### Exercise directions:
Please give the lines below again exactly as they stand, from the one that contains "Накладная раковина для" up to and including the one that contains "AgfaPhoto AGFAPHOTO Batterie", leaving all pictures out.
--- Raw data Enclosed Below ---
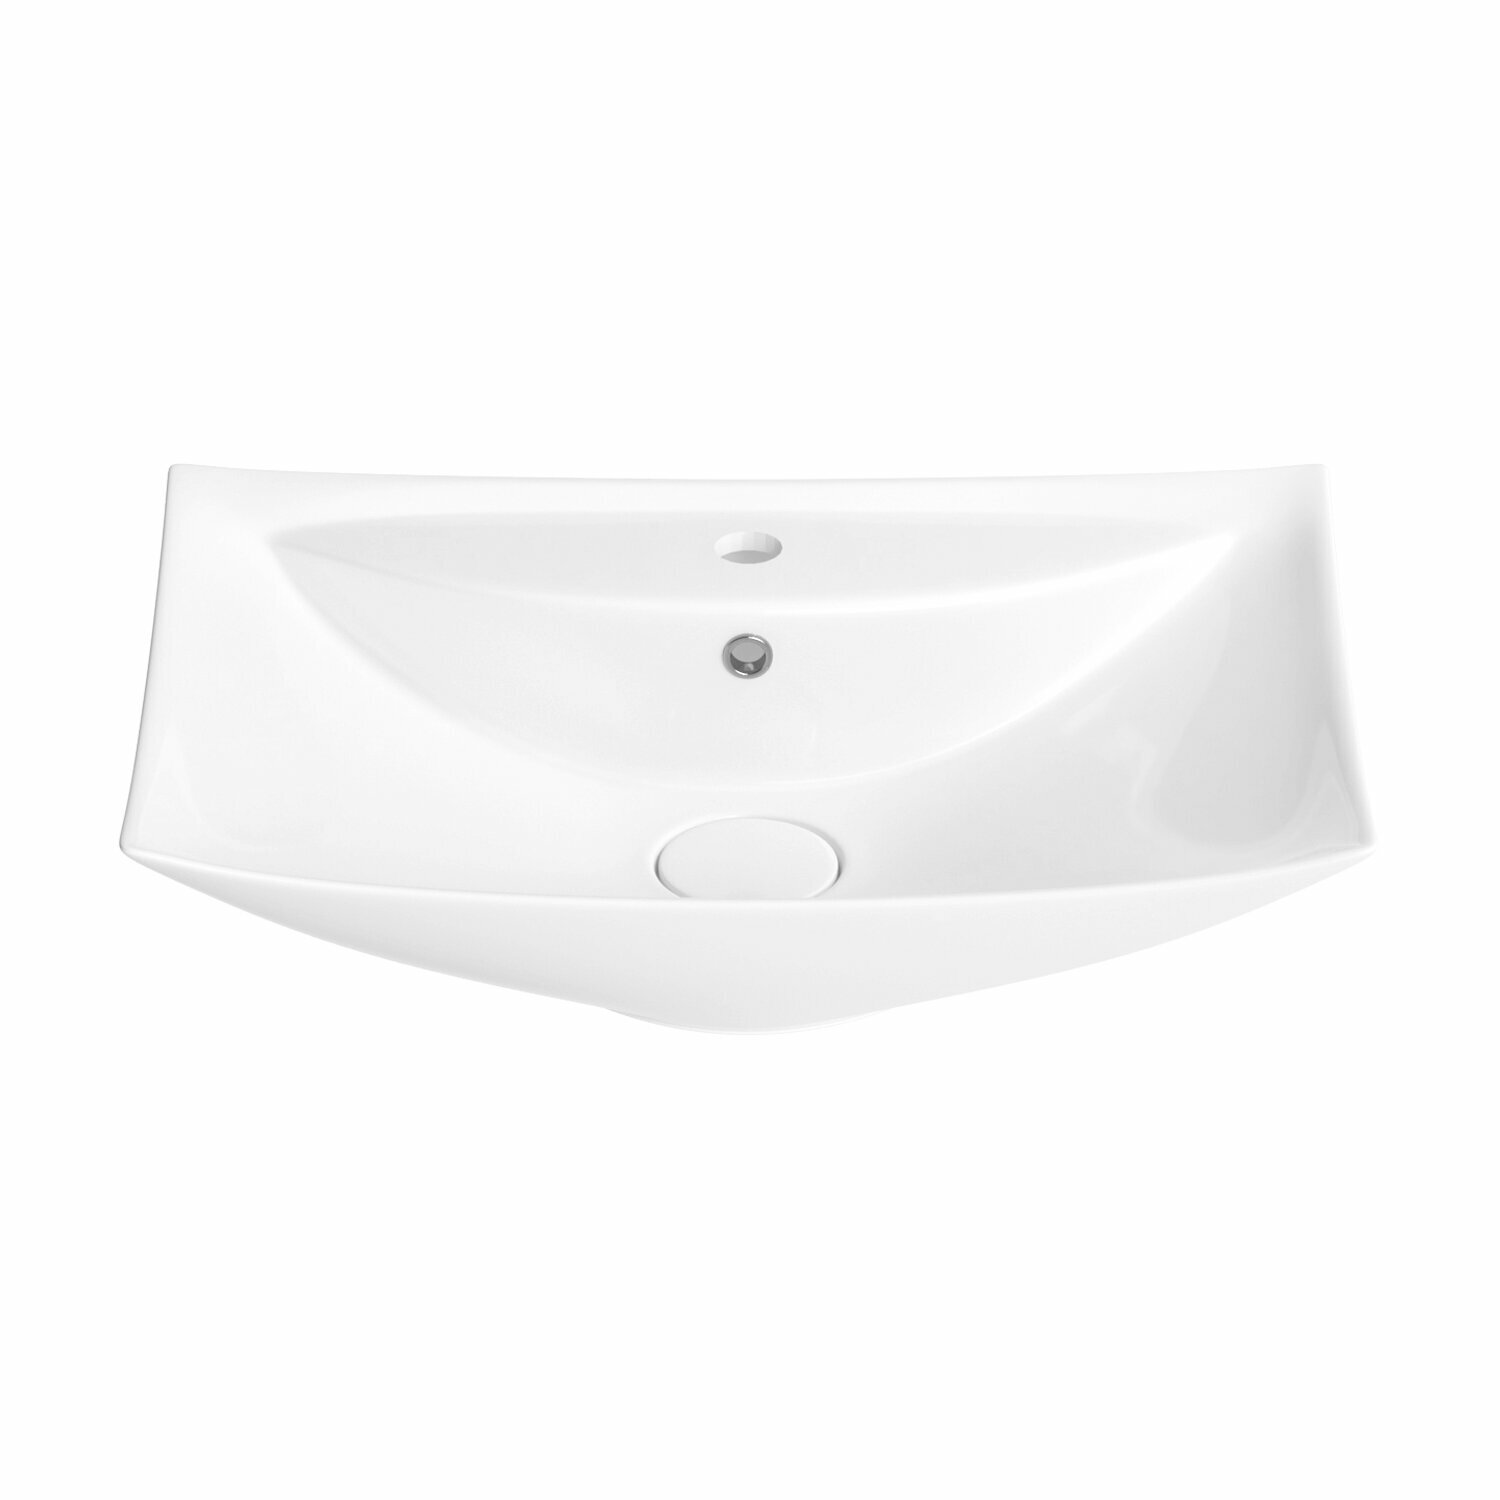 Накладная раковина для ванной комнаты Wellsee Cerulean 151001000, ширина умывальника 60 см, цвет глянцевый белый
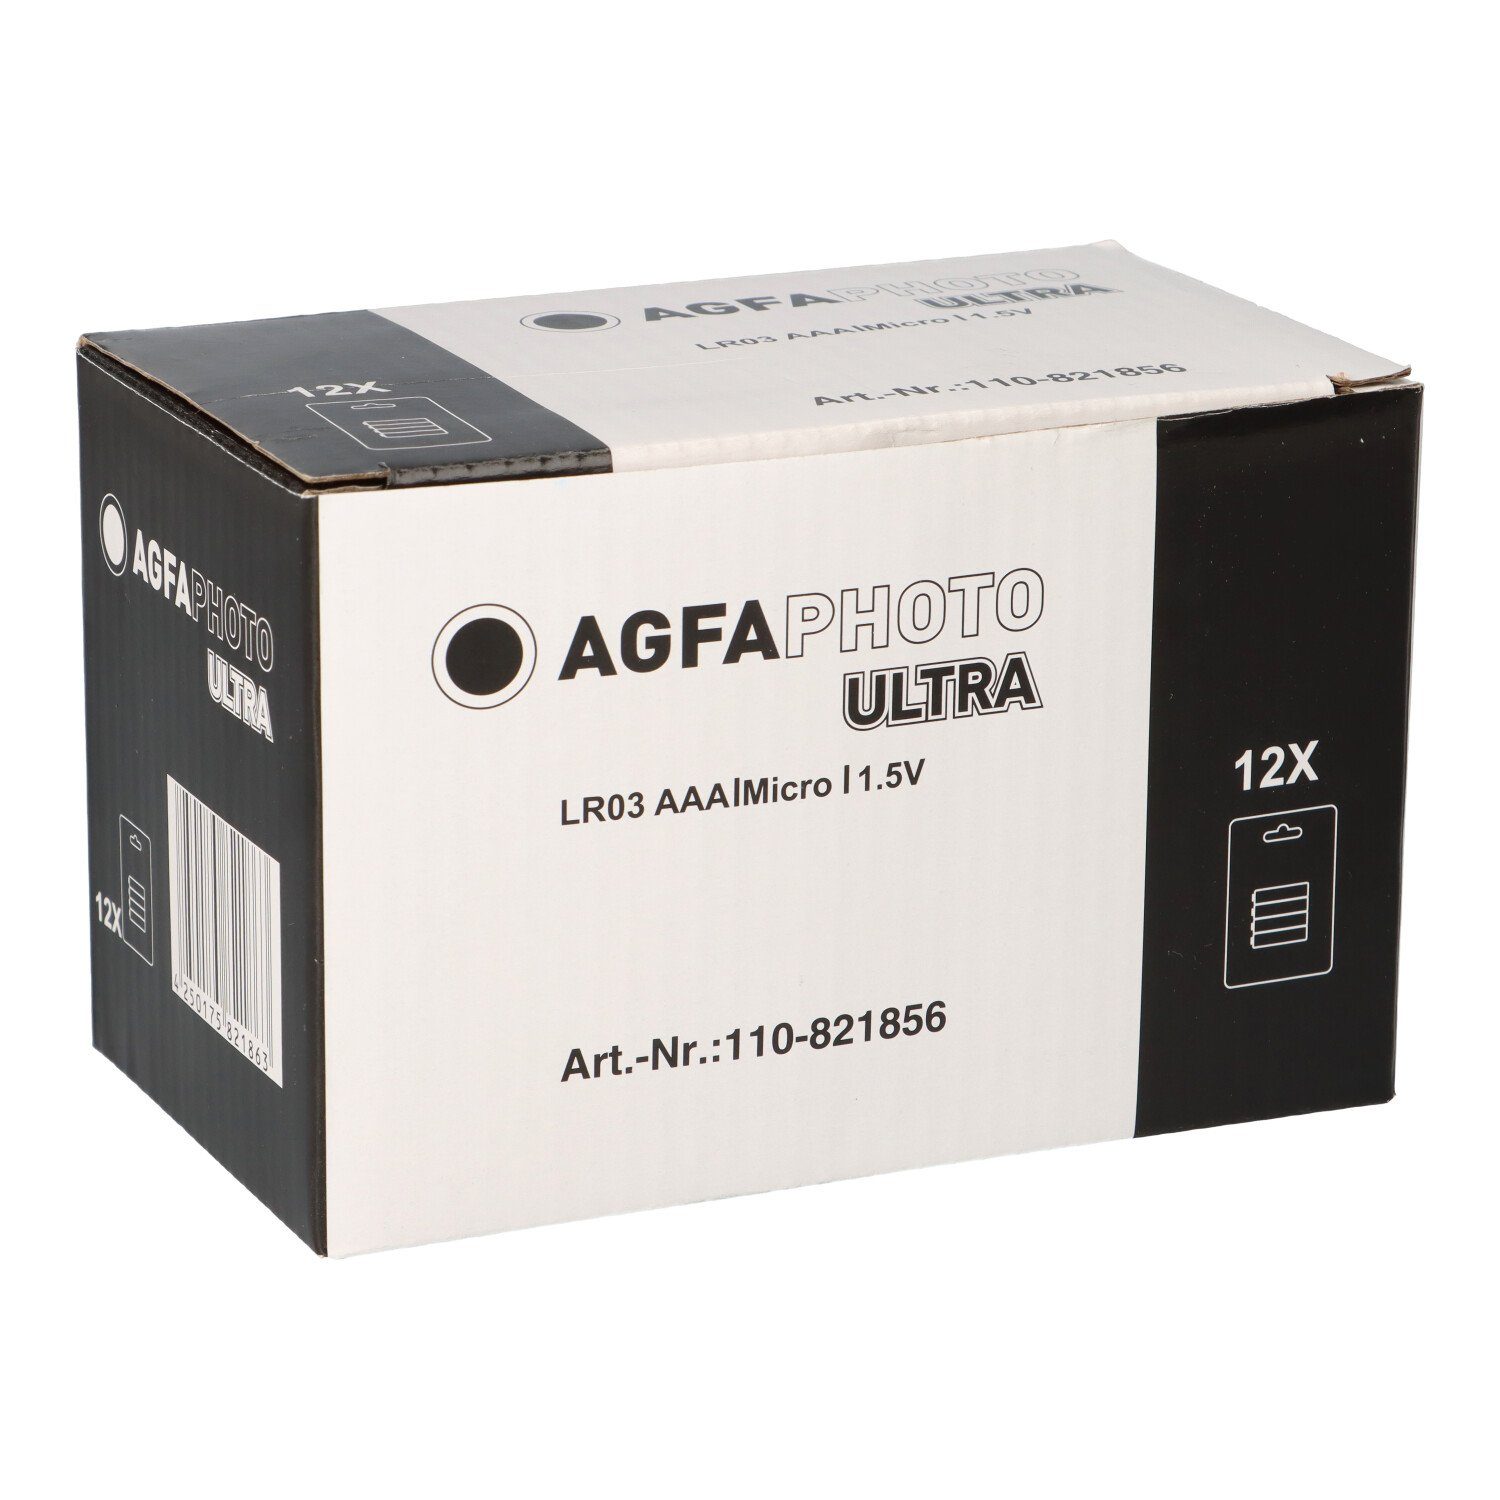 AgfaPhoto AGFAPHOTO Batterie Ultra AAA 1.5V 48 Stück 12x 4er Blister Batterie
--- End of Enclosed Raw data ---
--- Raw data Enclosed Below ---
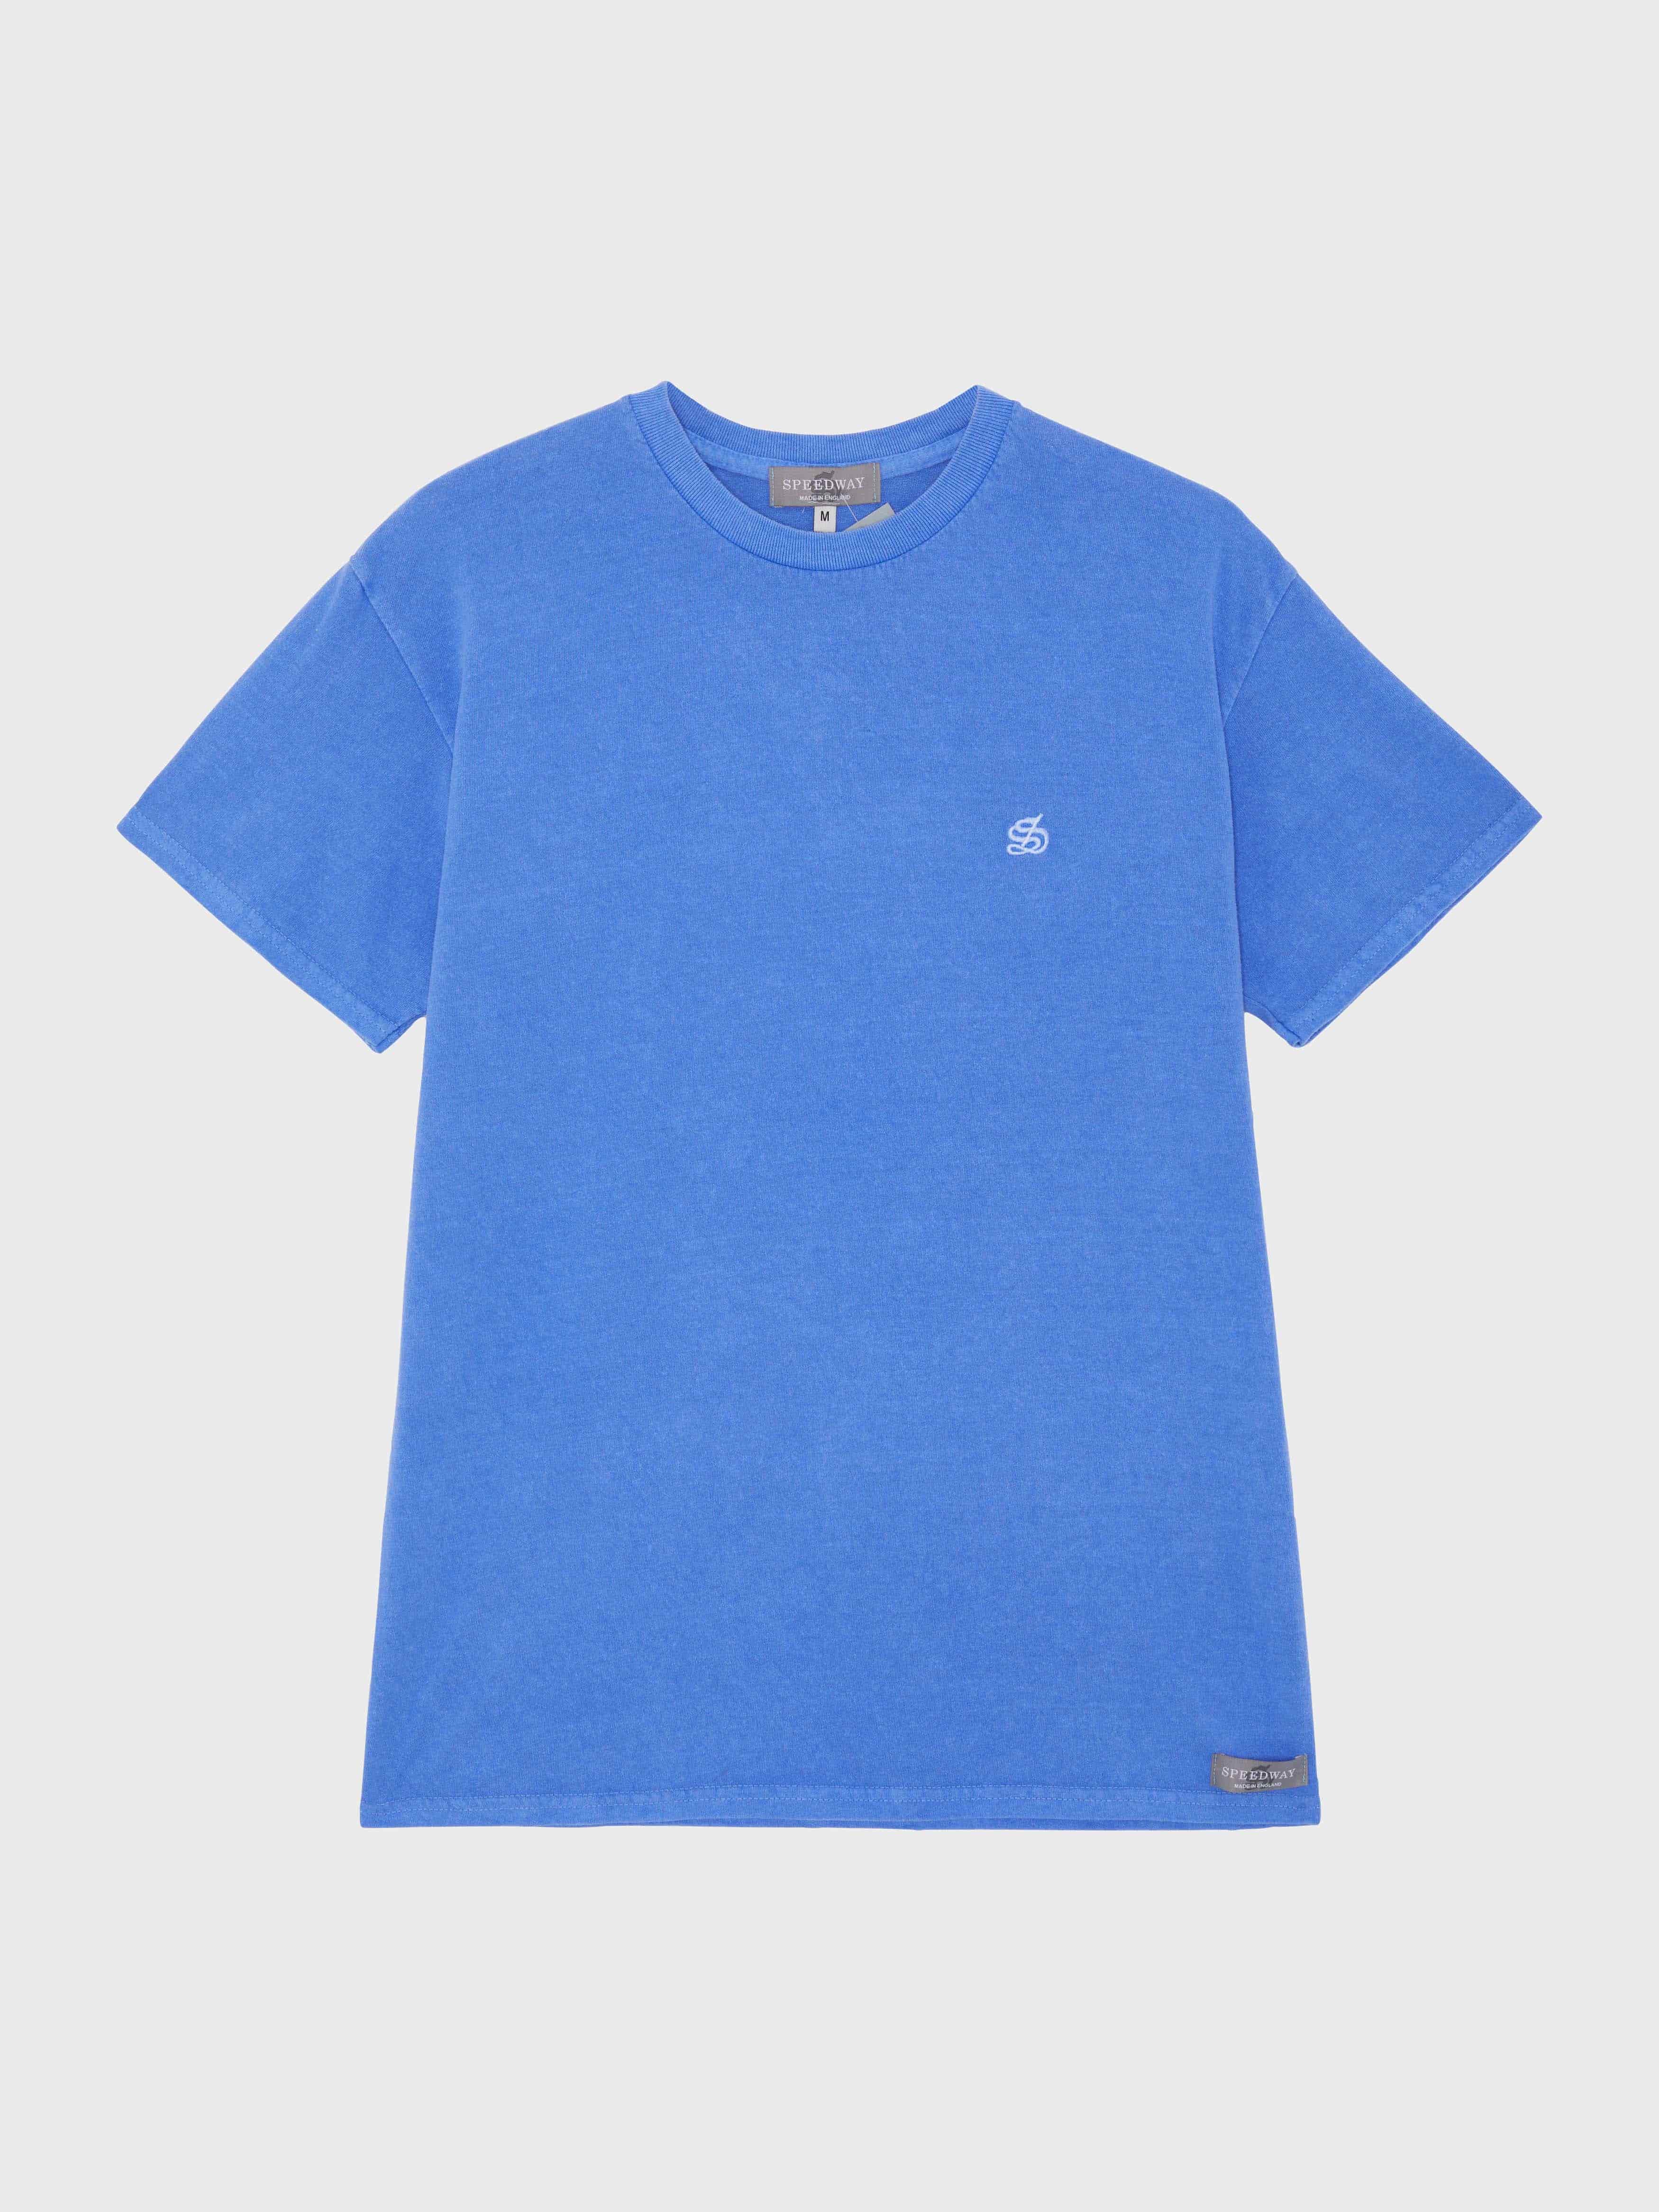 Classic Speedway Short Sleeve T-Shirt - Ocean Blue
--- End of Enclosed Raw data ---
### Reply to the task:
 Накладная раковина для ванной комнаты Wellsee Cerulean 151001000, ширина умывальника 60 см, цвет глянцевый белый
 AgfaPhoto AGFAPHOTO Batterie Ultra AAA 1.5V 48 Stück 12x 4er Blister Batterie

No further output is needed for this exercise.